• TASK PROMPT
All lines at and after the one containing "Navarro vicedo arquitectura", up to the end of the listing below, are to be printed exactly, with the pictures omitted.

• SUPPLIED DATA
Start of Block
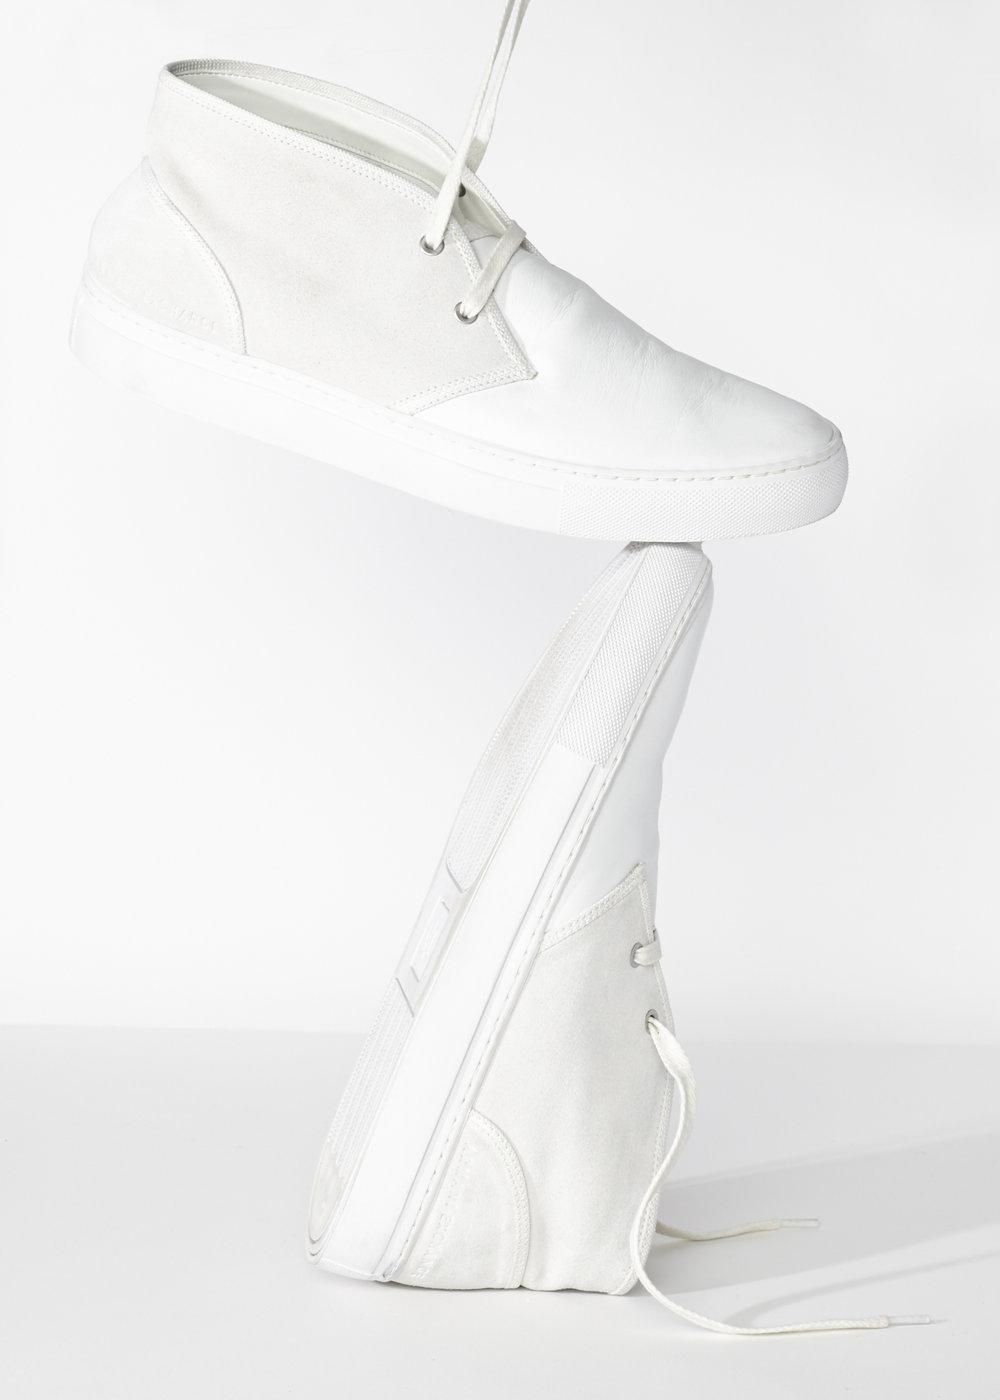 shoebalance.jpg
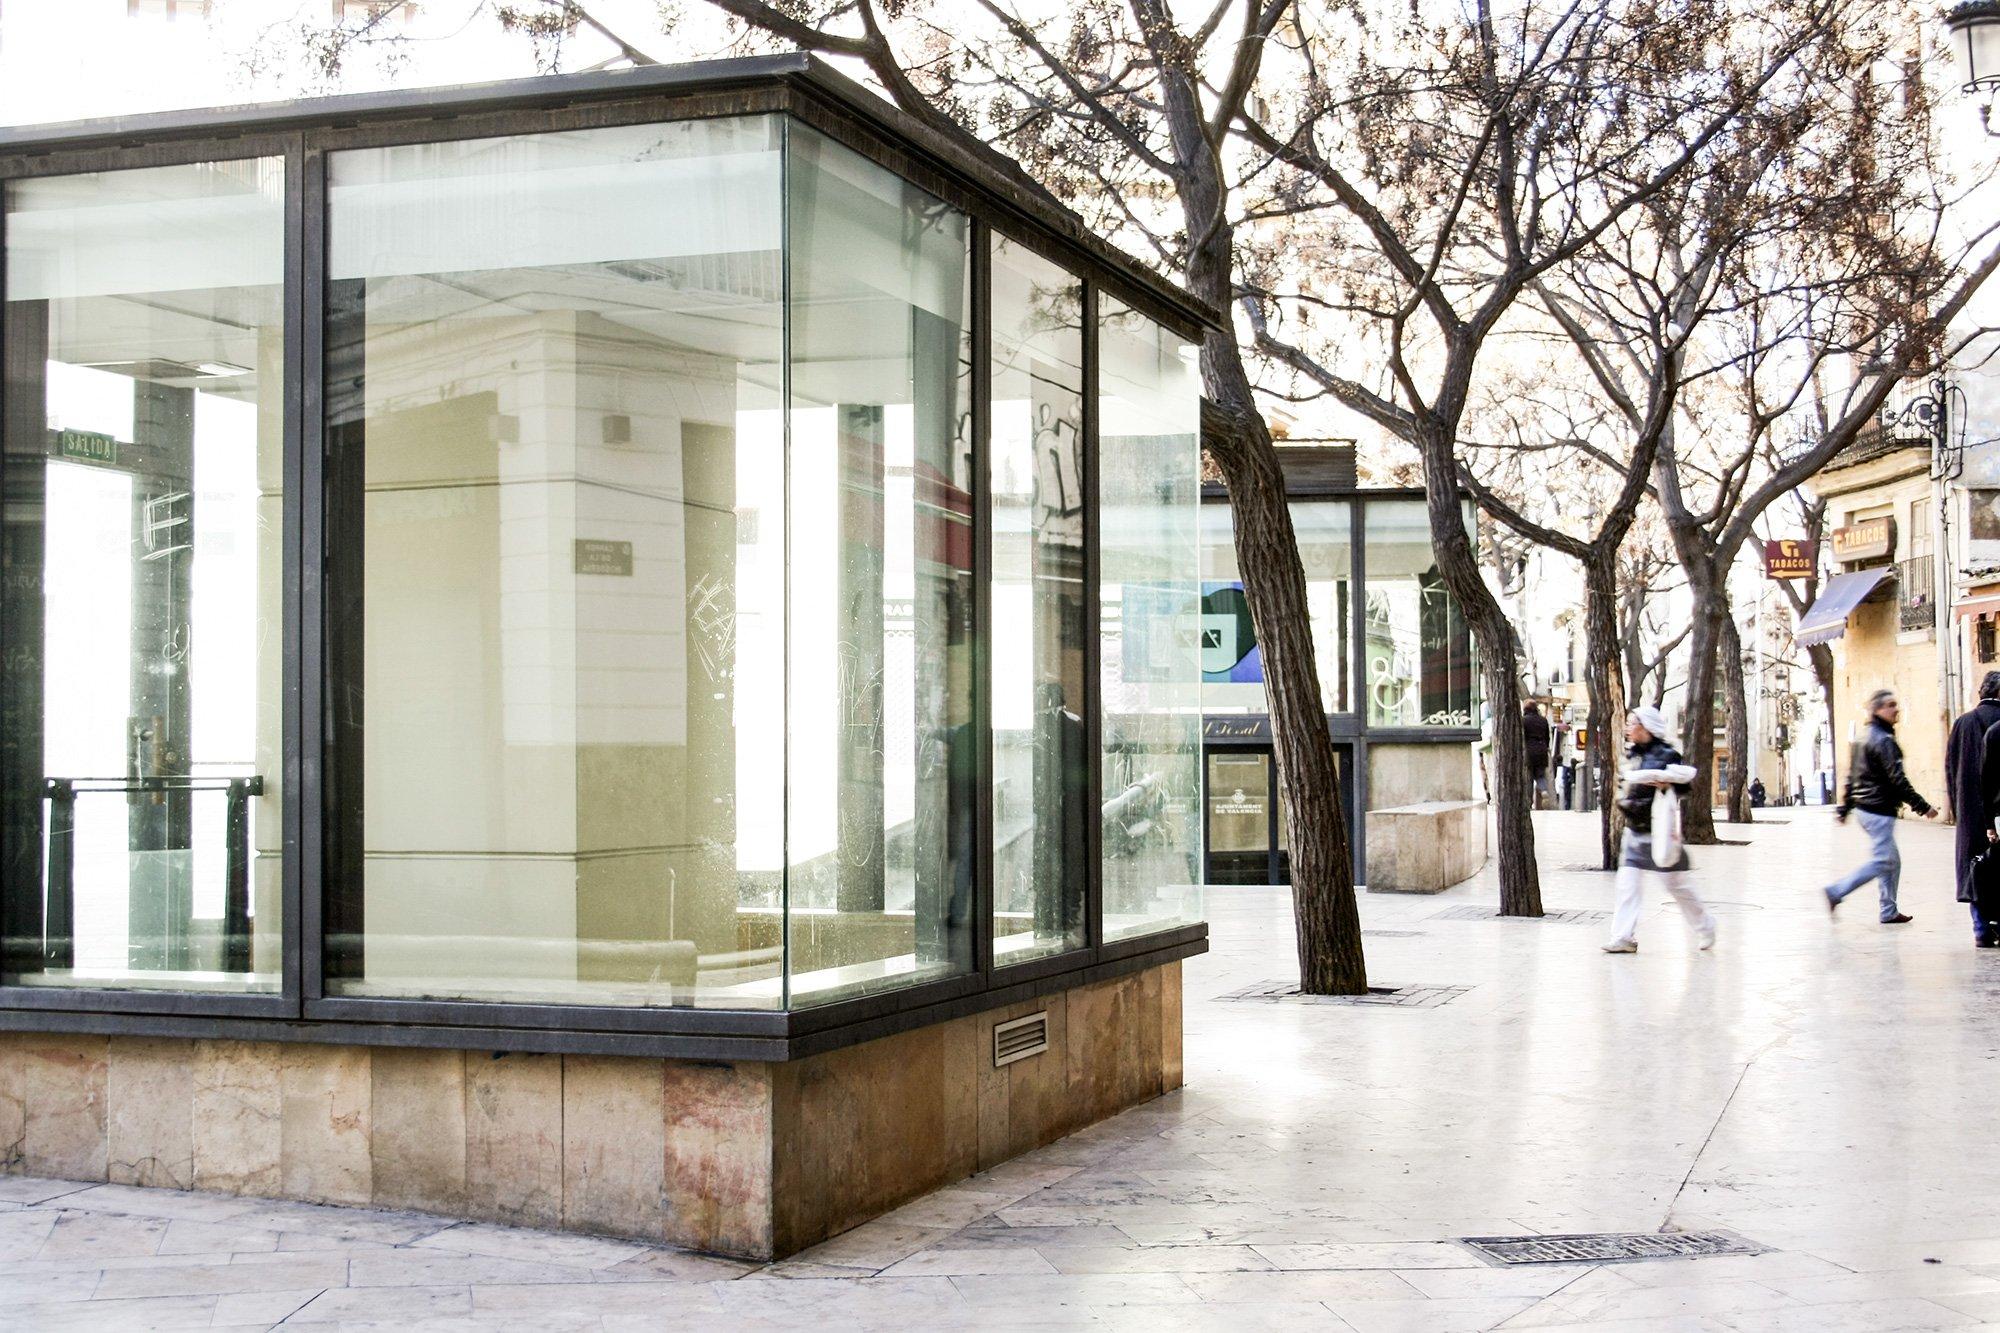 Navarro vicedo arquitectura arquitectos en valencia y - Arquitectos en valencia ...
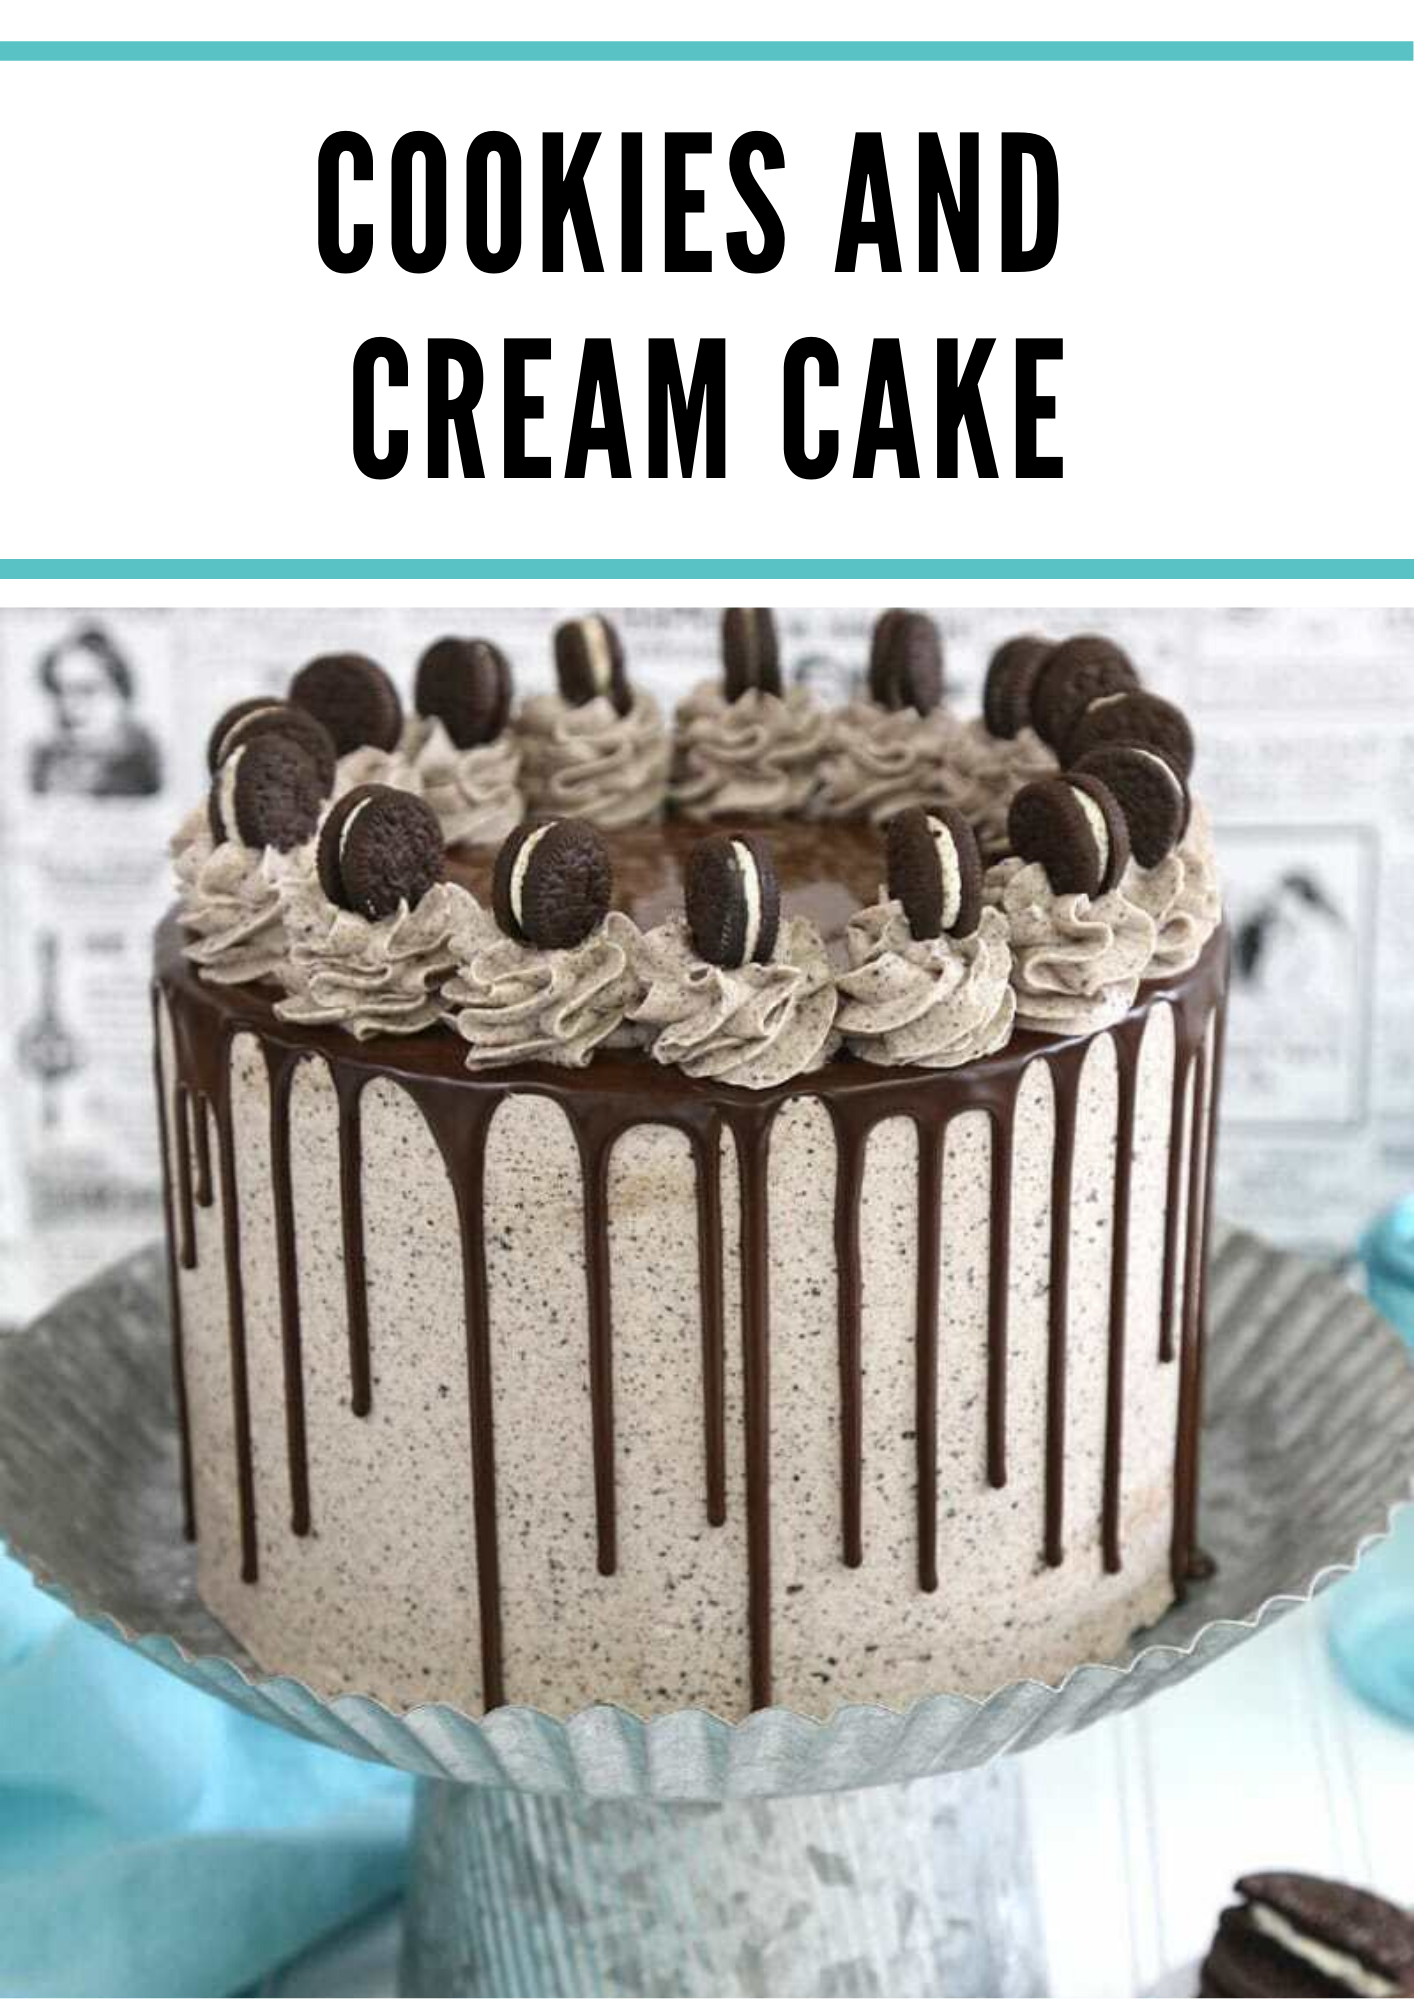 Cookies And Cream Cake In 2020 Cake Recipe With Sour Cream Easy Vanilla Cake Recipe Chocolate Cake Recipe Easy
End of Block
• EXERCISE RESULT
 Navarro vicedo arquitectura arquitectos en valencia y - Arquitectos en valencia ...
 Cookies And Cream Cake In 2020 Cake Recipe With Sour Cream Easy Vanilla Cake Recipe Chocolate Cake Recipe Easy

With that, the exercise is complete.